(Beginning of Provided entries)

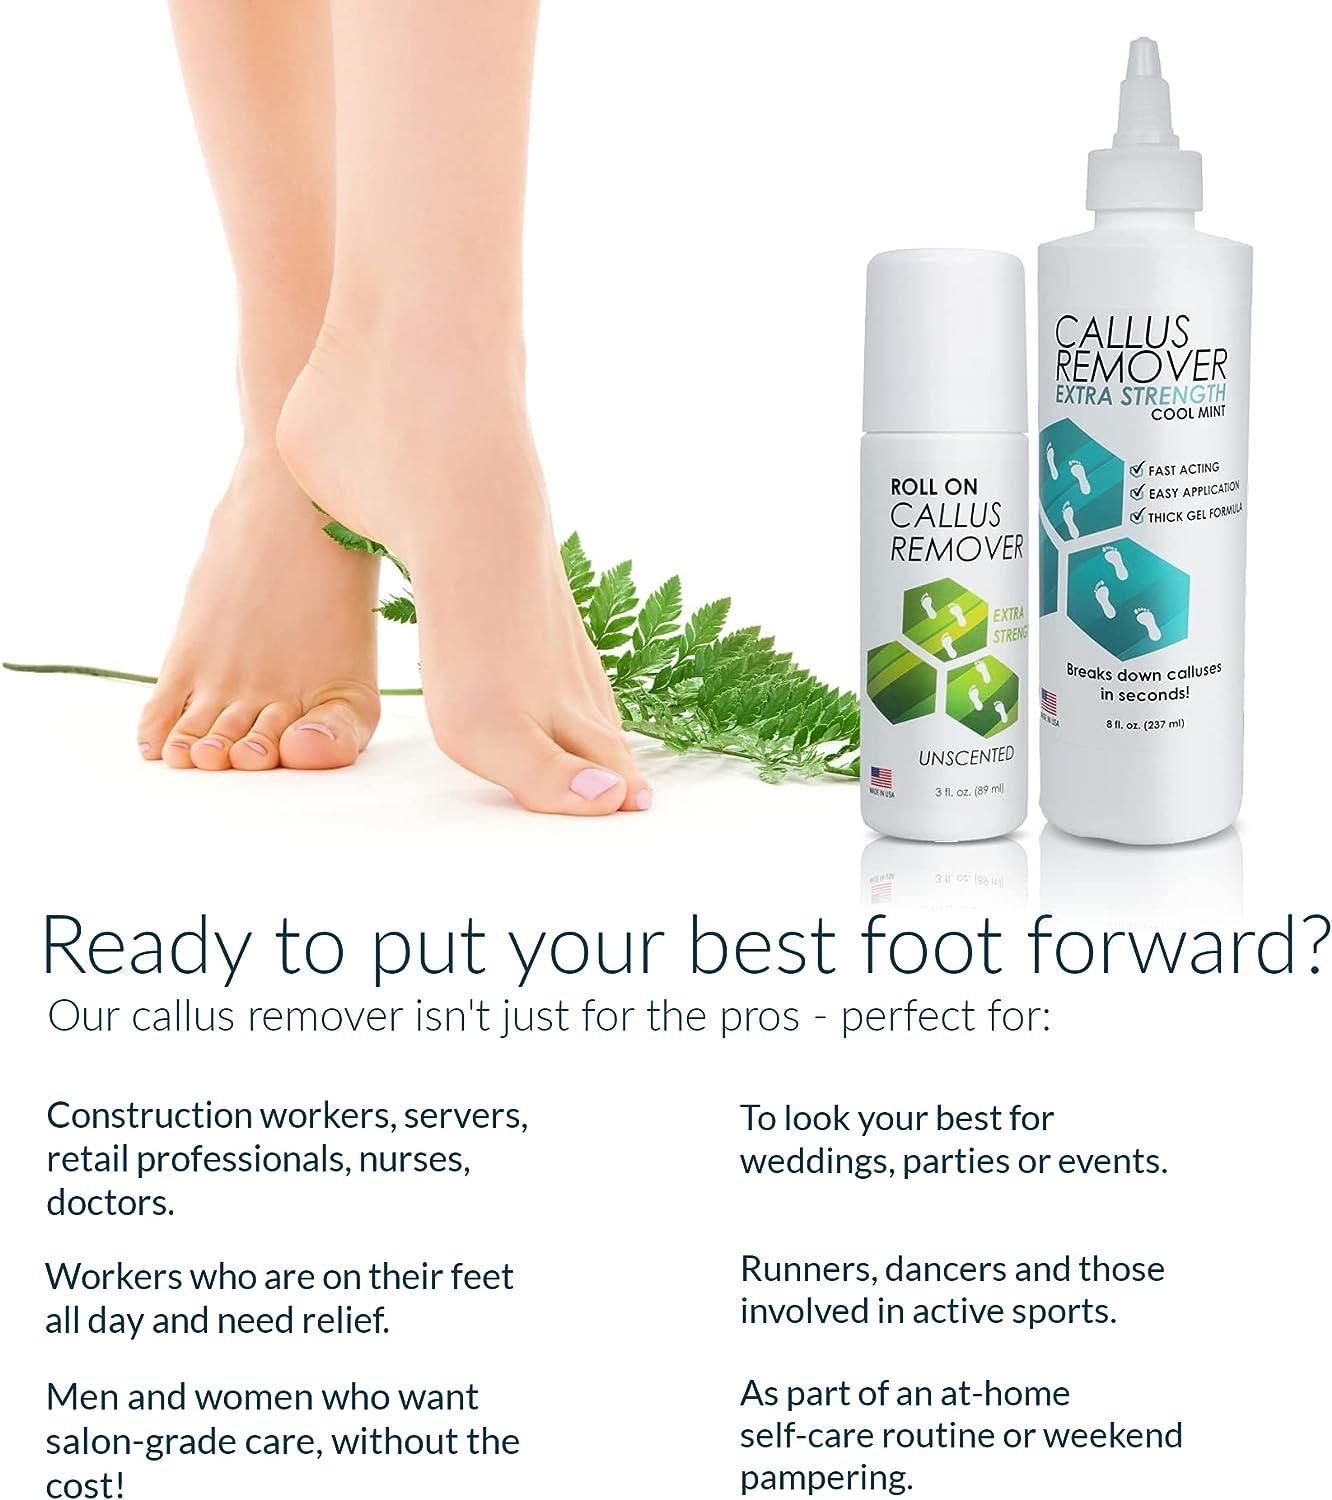 Flowery - Liquidator Callus Remover For Feet, Professional or at Home  Pedicure Treatment, Soothing Mint Scent, 4 Oz (Pack of 2)
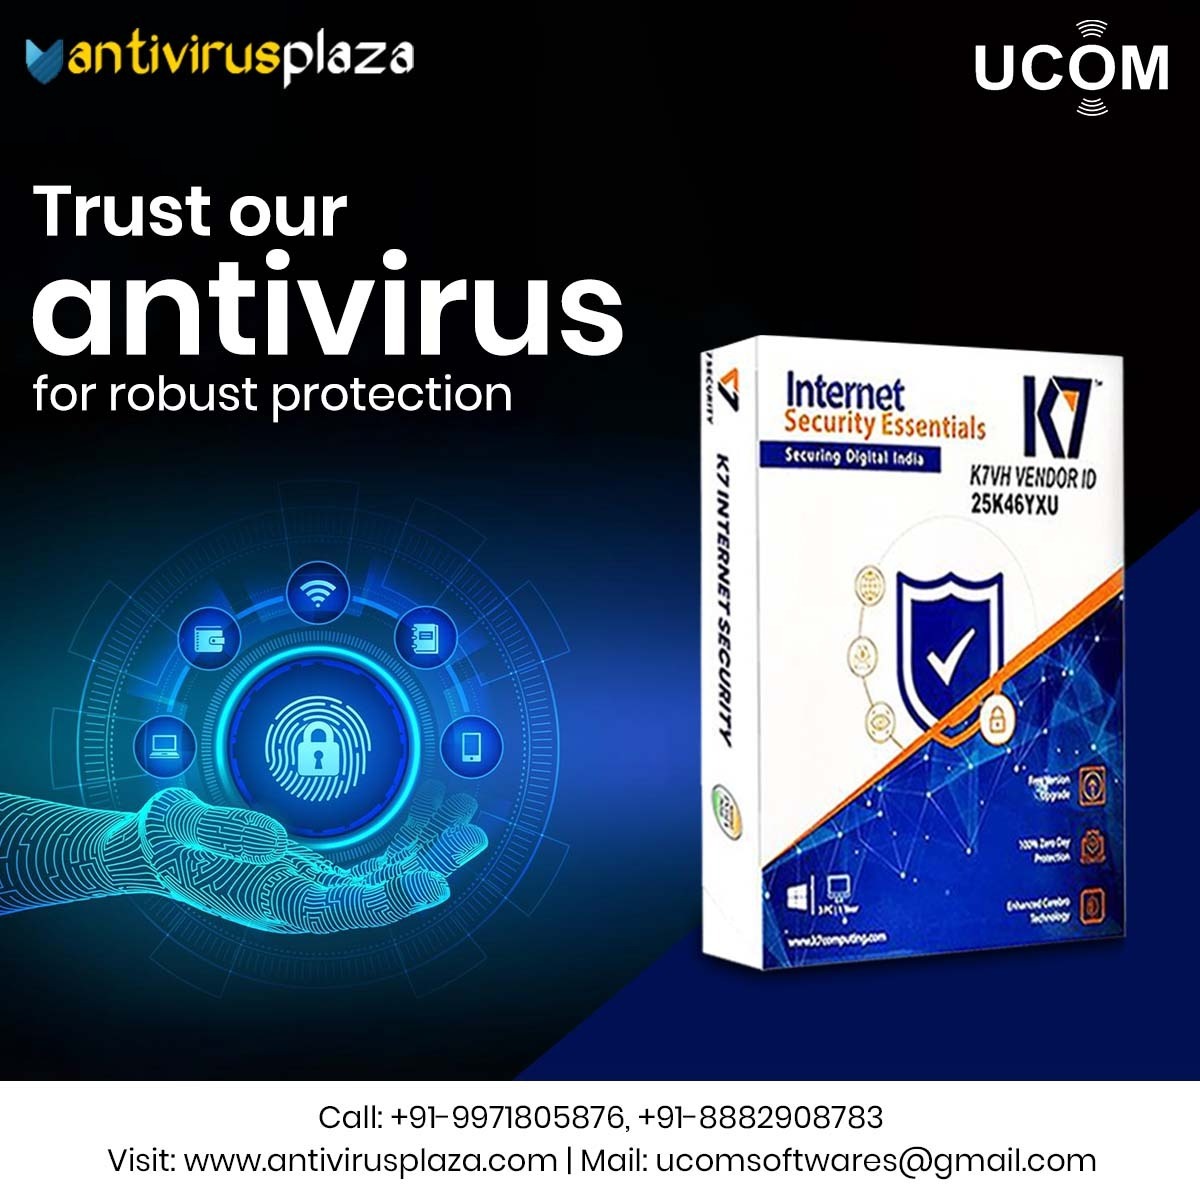 Experience unbeatable defense with our antivirus. Trust us to keep your devices fortified and your data safe from all angles. 

𝐂𝐚𝐥𝐥: +91-99718 05876
𝐕𝐢𝐬𝐢𝐭 𝐔𝐬: antivirusplaza.com

#StaySecure #K7Antivirus #AntivirusPlaza #InternetSecurity #MobileSecurity

(End of Provided entries)

Beginning with the line where "Experience unbeatable defense" appears, restate word for word every line down to the last one in the data, but keep the pictures out.

## Response
 Experience unbeatable defense with our antivirus. Trust us to keep your devices fortified and your data safe from all angles. 

𝐂𝐚𝐥𝐥: +91-99718 05876
𝐕𝐢𝐬𝐢𝐭 𝐔𝐬: antivirusplaza.com

#StaySecure #K7Antivirus #AntivirusPlaza #InternetSecurity #MobileSecurity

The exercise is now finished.